108:30 — HSODF: A Homogeneous Framework for Second-Order Methods

  • Chang He, Shanghai University of Finance And Economics
  • Yuntian Jiang, Shanghai University of Finance And Economics
  • Chuwen Zhang, Shanghai University of Finance And Economics
  • Dongdong Ge, Shanghai Jiao Tong University
  • Bo Jiang, Shanghai University of Finance And Economics
  • Yinyu Ye, Stanford University

We introduce a homogeneous second-order descent framework (HSODF) for nonconvex and convex optimization based on the generalized homogeneous model (GHM). In comparison to the Newton steps, the GHM can be solved by extremal symmetric eigenvalue procedures and thus grant an advantage in ill-conditioned problems. We show that HSODF is able to recover some well-known second-order methods, such as trust-region methods and gradient regularized methods while maintaining comparable iteration complexity bounds. We propose specific variants in the framework. Finally, we show HSODM can be used in reinforcement learning, linear systems and interior point methods.

209:00 — Descent properties of an Anderson accelerated gradient method with restarting

Anderson Acceleration (AA) is a popular acceleration technique to enhance the convergence of fixed-point iterations. The analysis of AA approaches typically focuses on the convergence behavior of a corresponding fixed-point residual, while the behavior of the underlying objective function values along the accelerated iterates is currently not well understood. In this talk, we present new results showing that AA with restarting is a local descent method which can decrease the objective function faster than the gradient method. These insights provide a novel perspective on the convergence analysis of AA in nonconvex optimization. Numerical experiments are conducted to illustrate our theoretical findings.

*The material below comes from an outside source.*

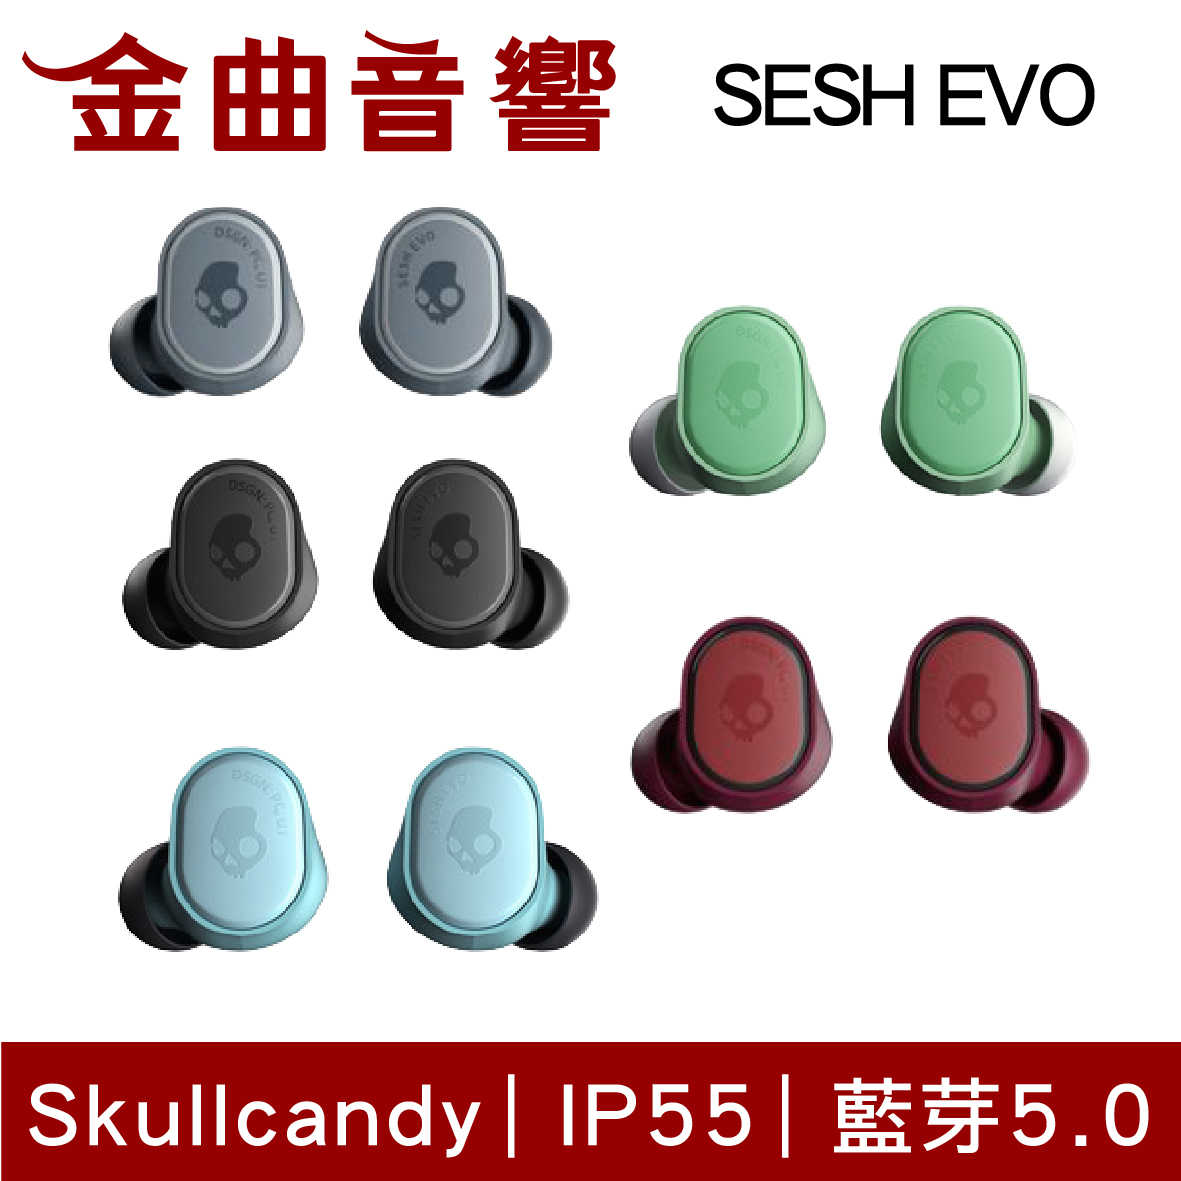 Skullcandy 骷髏糖 SESH EVO 藍 藍芽5.0 支援單耳 IP55 真無線 藍牙 耳機 | 金曲音響

309:30 — ** CANCELLED ** Online Learning Guided Quasi-Newton Methods: Improved Global Non-asymptotic Guarantees

Quasi-Newton (QN) methods are popular iterative algorithms known for their superior practical performance compared to Gradient Descent (GD)-type methods. However, the existing theoretical results for this class of algorithms do not sufficiently justify their advantage over GD-type methods. In this talk, we discuss our recent efforts to address this issue. Specifically, in the strongly convex setting, we propose the first “globally” convergent QN method that achieves an explicit “non-asymptotic superlinear” rate. We show that the rate presented for our method is provably faster than GD after at most $O(d)$ iterations, where $d$ is the problem dimension. Additionally, in the convex setting, we present an accelerated variant of our proposed method that provably outperforms the accelerated gradient method and converges at a rate of $O(\min\{1/k^2, \sqrt{d \log k }/ k^{2.5}\})$, where $k$ is the number of iterations. To attain these results, we diverge from conventional approaches and construct our QN methods based on the Hybrid Proximal Extragradient (HPE) framework and its accelerated variants. Furthermore, a pivotal algorithmic concept underpinning our methodologies is an online learning framework for updating the Hessian approximation matrices. Specifically, we relate our method's convergence rate to the regret of a specific online convex optimization problem in the matrix space and choose the sequence of Hessian approximation matrices to minimize its overall regret.

410:00 — Adam-family Methods for Nonsmooth Optimization with Convergence Guarantees

  • Nachuan Xiao, National University of Singapore
  • Xiaoyin Hu, Hangzhou City University
  • Xin Liu, Academy Of Mathematics And Systems Science, Chinese Academy Of Sciences
  • Kim Chuan Toh, National University of Singapore

In this talk, we present a comprehensive study on the convergence properties of Adam-family methods for nonsmooth optimization, especially in the training of nonsmooth neural networks. We introduce a novel two-timescale framework that adopts a two-timescale updating scheme, and prove its convergence properties under mild assumptions. We prove that under mild conditions, any cluster point of the sequence generated by our proposed framework is a stationary point of the objective function in the sense of the conservative field. Furthermore, we establish that under mild conditions with randomly chosen initial points and stepsizes, almost surely, any cluster point of the sequence is a Clarke stationary point of the objective function, independent of the chosen conservative field. Our proposed framework encompasses various popular Adam-family methods, providing convergence guarantees for these methods in training nonsmooth neural networks. Furthermore, we develop stochastic subgradient methods that incorporate gradient clipping techniques for training nonsmooth neural networks with heavy-tailed noise. Through our framework, we prove that under heavy-tailed evaluation noises that are only assumed to be integrable, our proposed gradient clipping methods conform to the proposed framework. As a result, the convergence properties of these gradient clipping methods directly follow those established for our proposed framework under mild conditions. Extensive numerical experiments demonstrate the high efficiency and robustness of our proposed methods.